What to do
Every line below from the one with "Key Imports HO" through the one with "Wedding reception at" should be retyped exactly, both ends included; no other lines and no pictures.

Task material

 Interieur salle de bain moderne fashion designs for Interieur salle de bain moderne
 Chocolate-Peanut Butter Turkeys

---

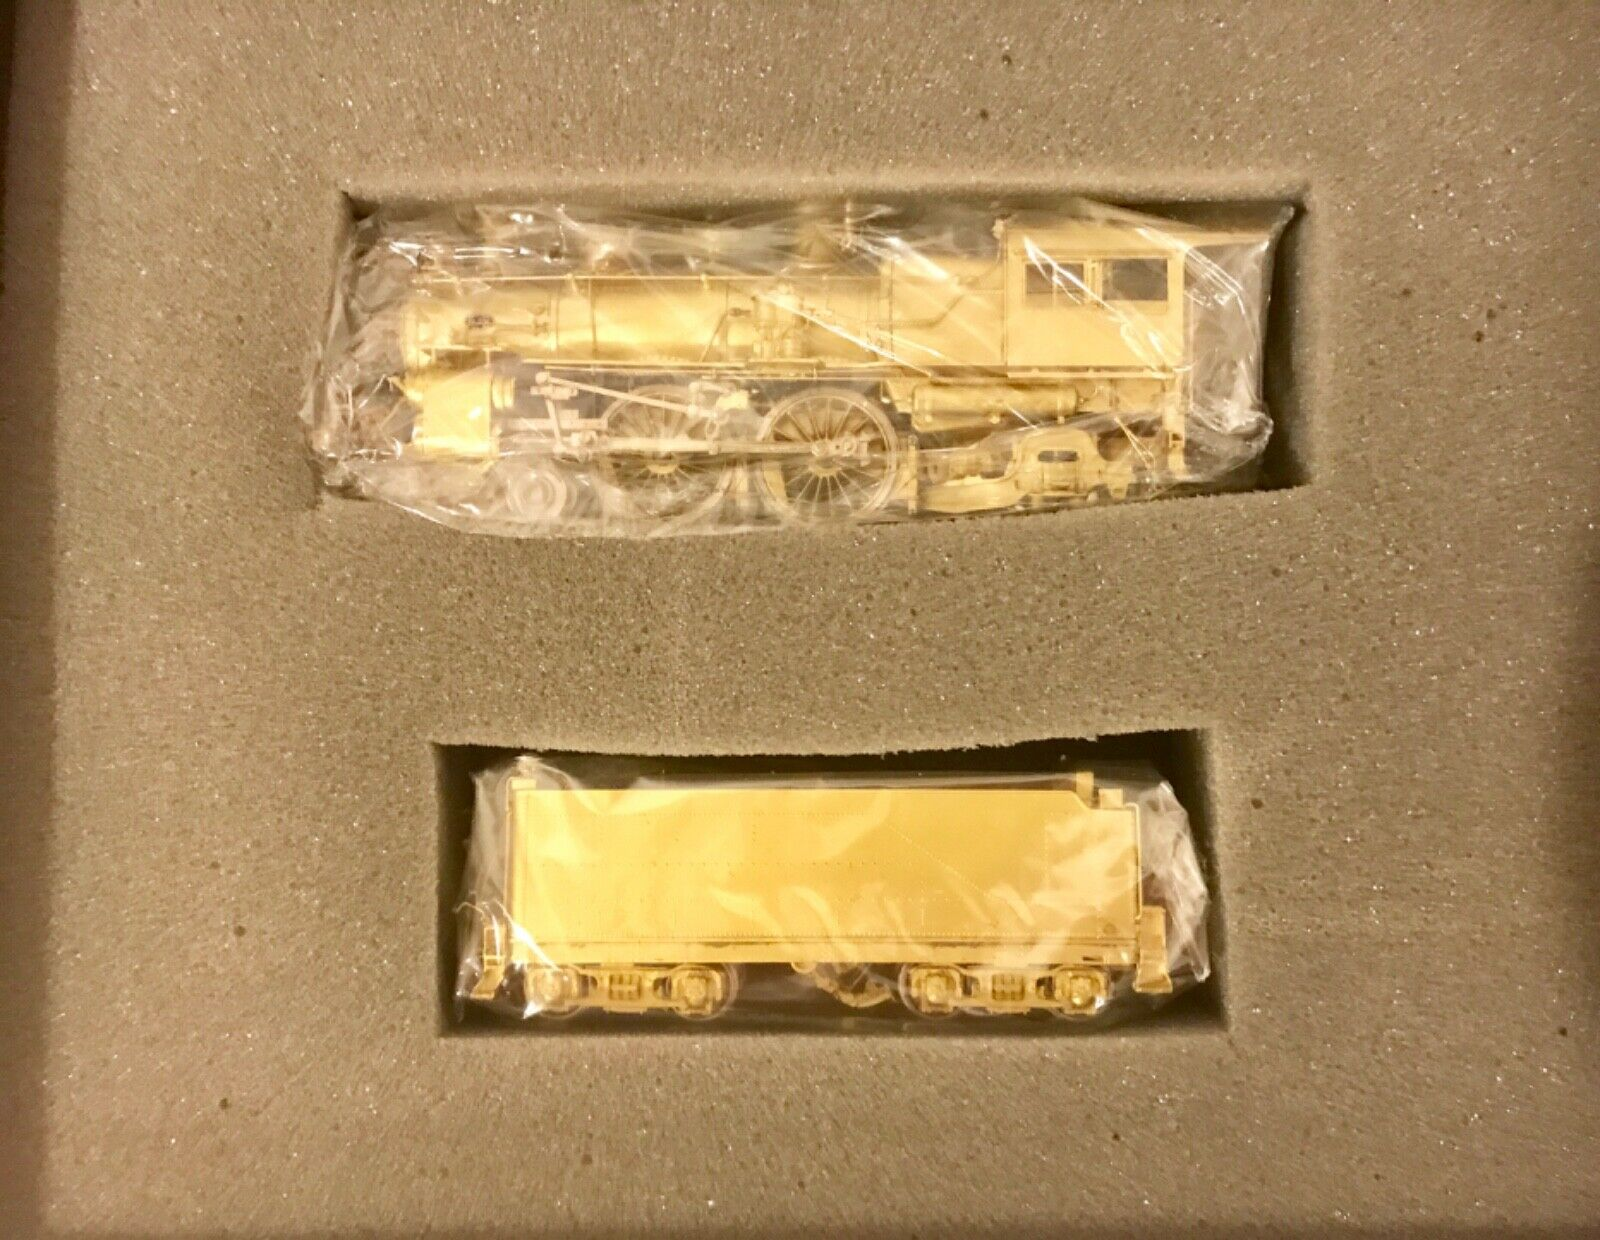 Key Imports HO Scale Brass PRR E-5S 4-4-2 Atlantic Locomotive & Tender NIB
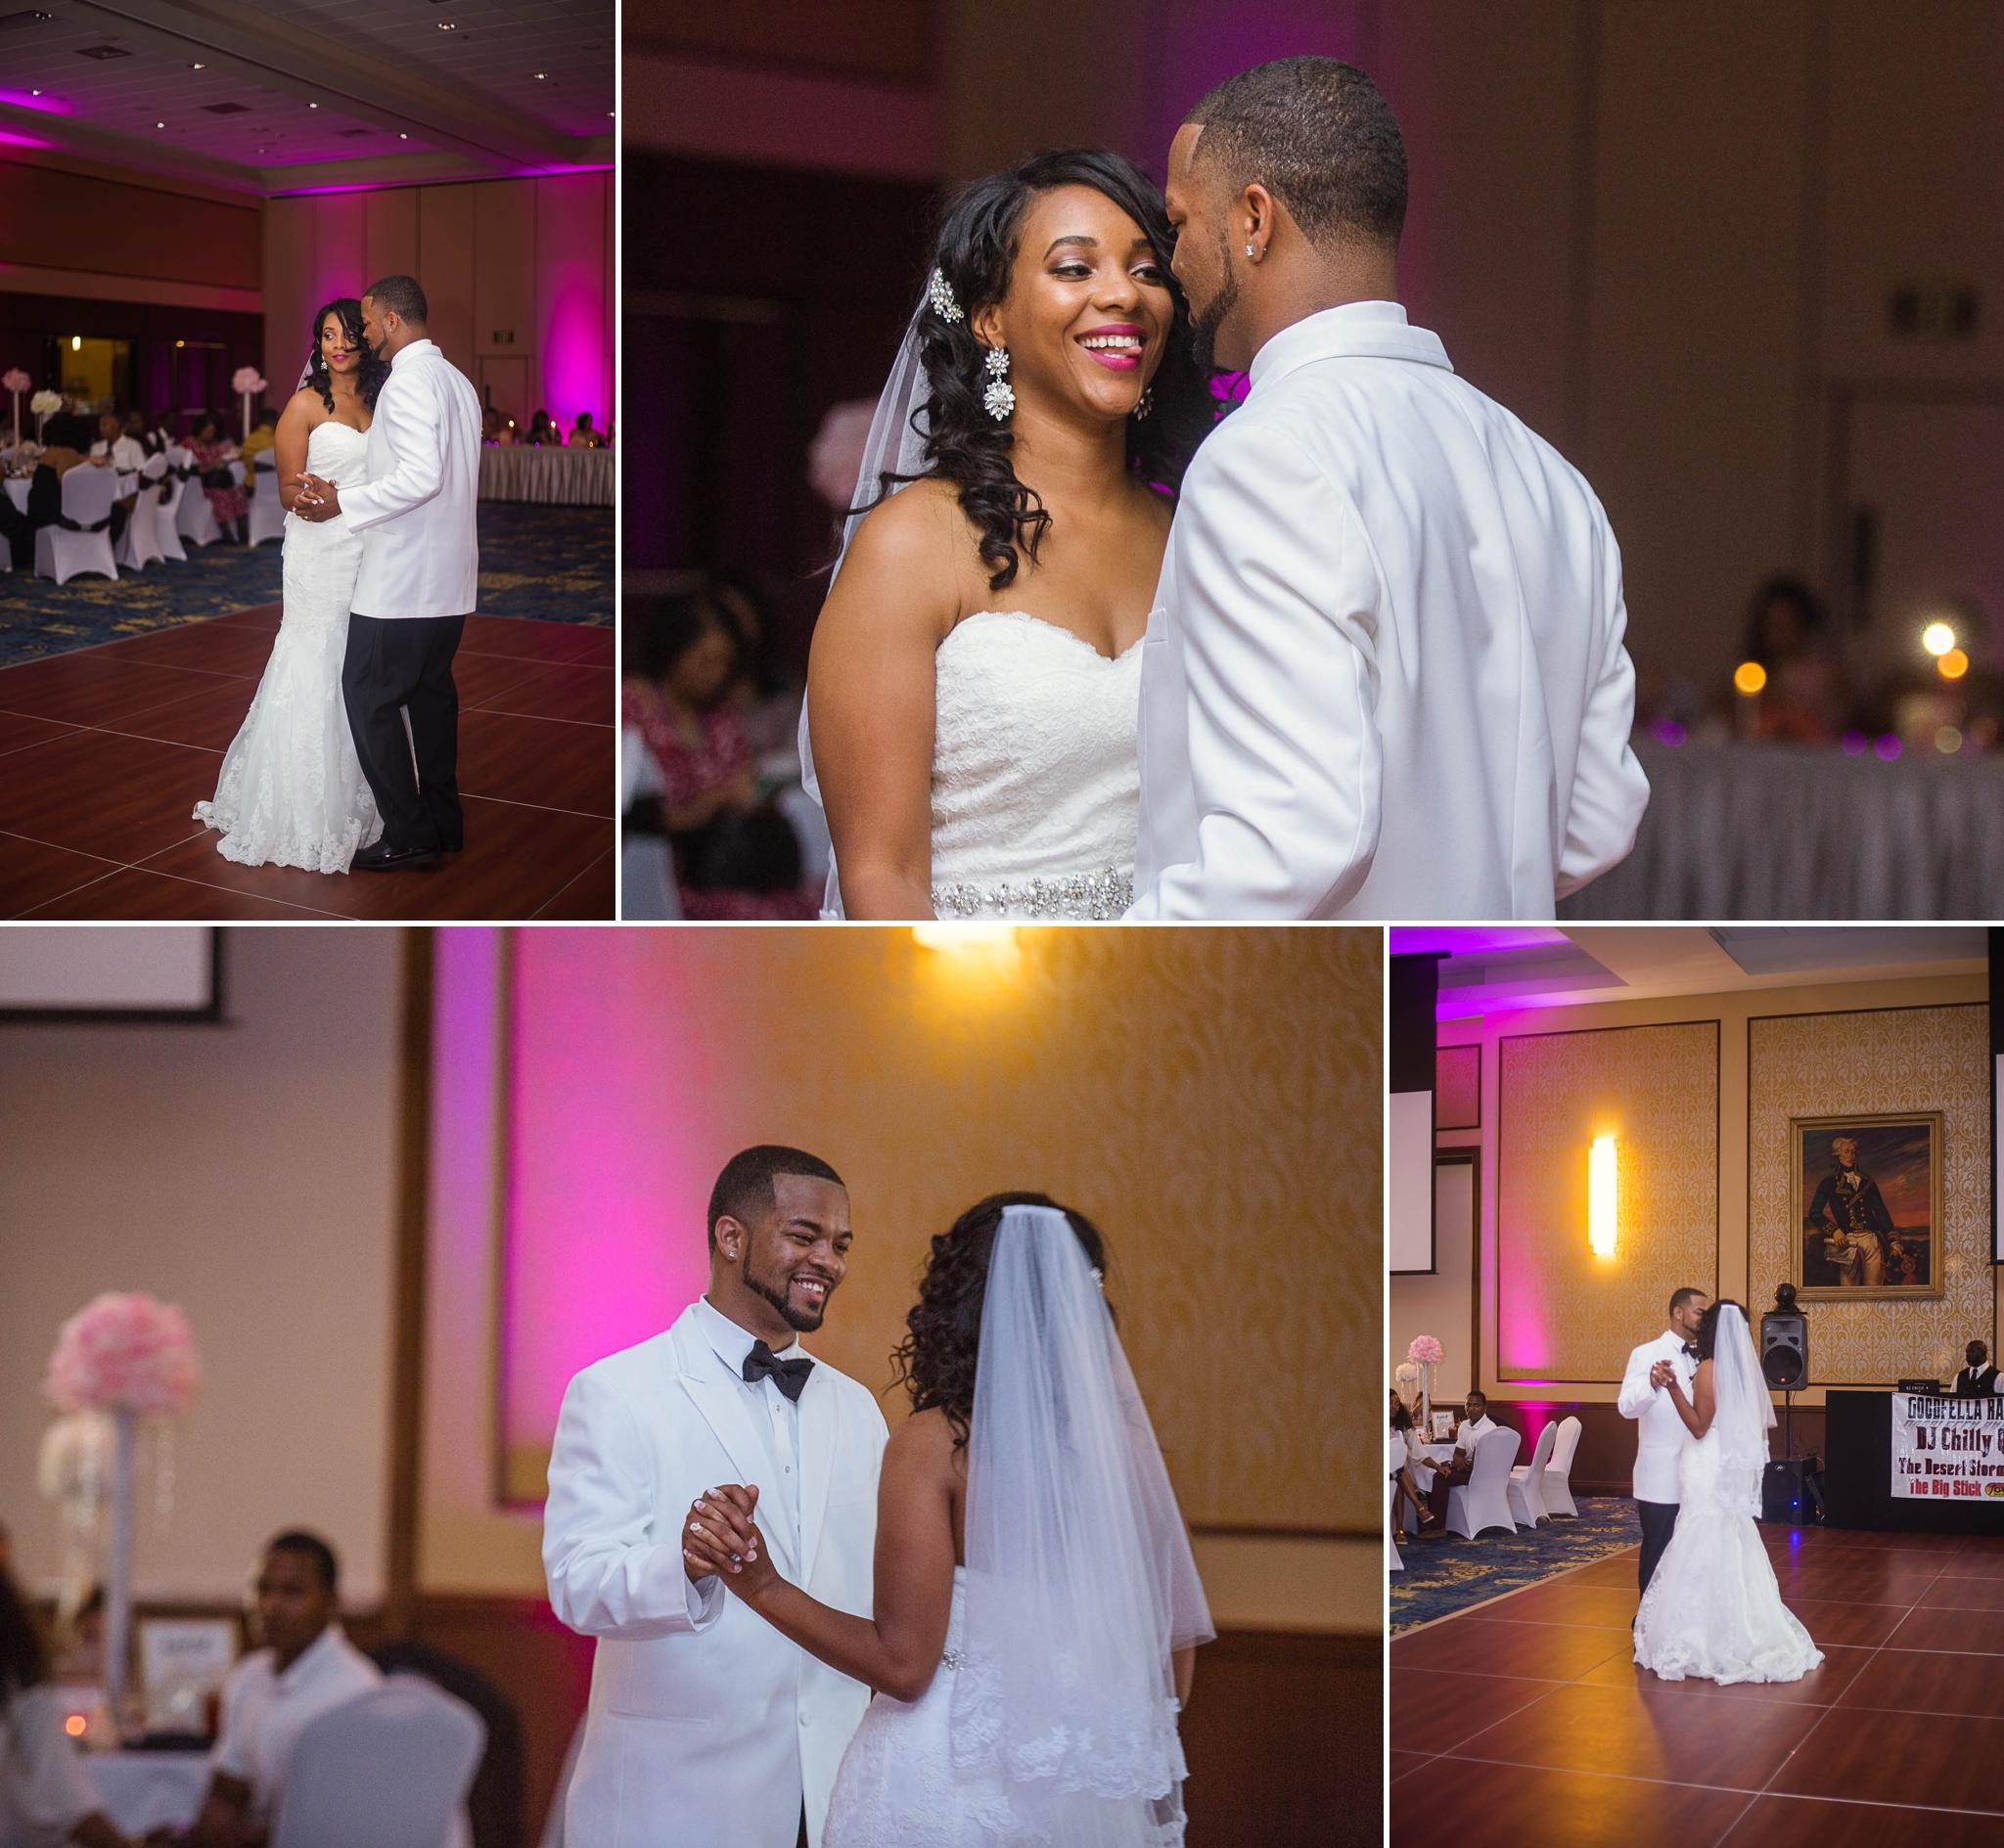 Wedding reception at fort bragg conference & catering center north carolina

* * *

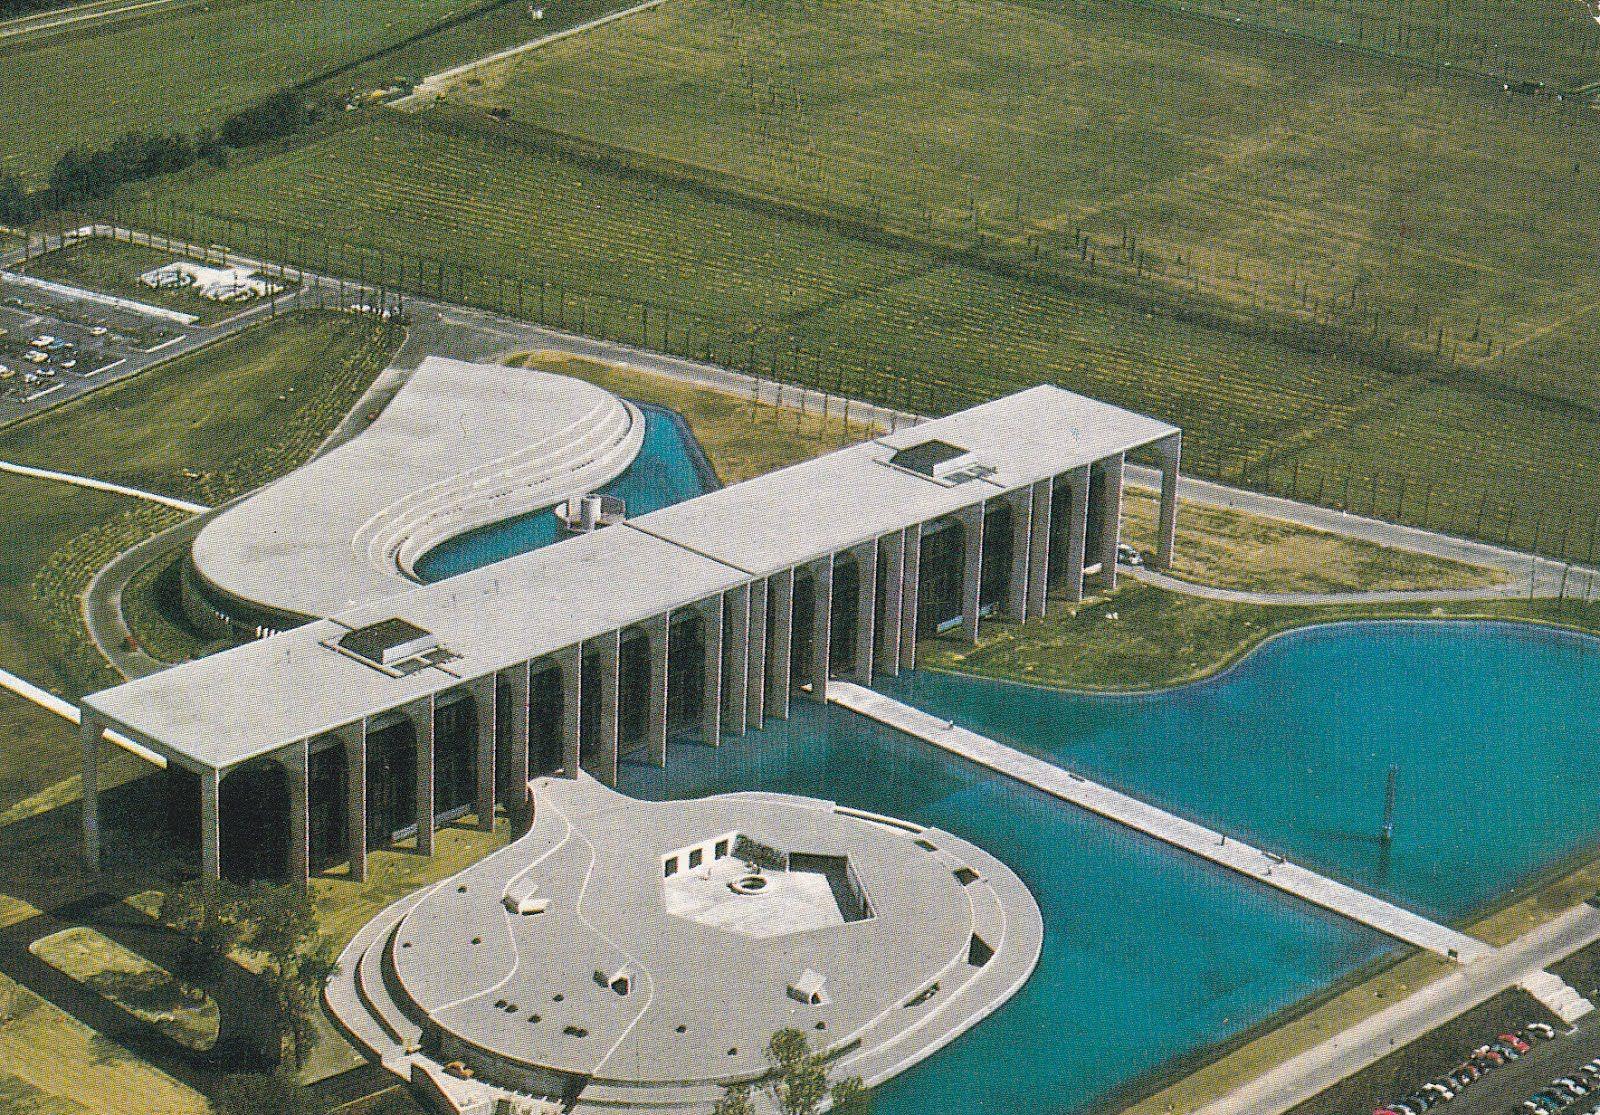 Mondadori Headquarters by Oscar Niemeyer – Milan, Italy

Solution for this exercise
 Key Imports HO Scale Brass PRR E-5S 4-4-2 Atlantic Locomotive & Tender NIB
 Wedding reception at fort bragg conference & catering center north carolina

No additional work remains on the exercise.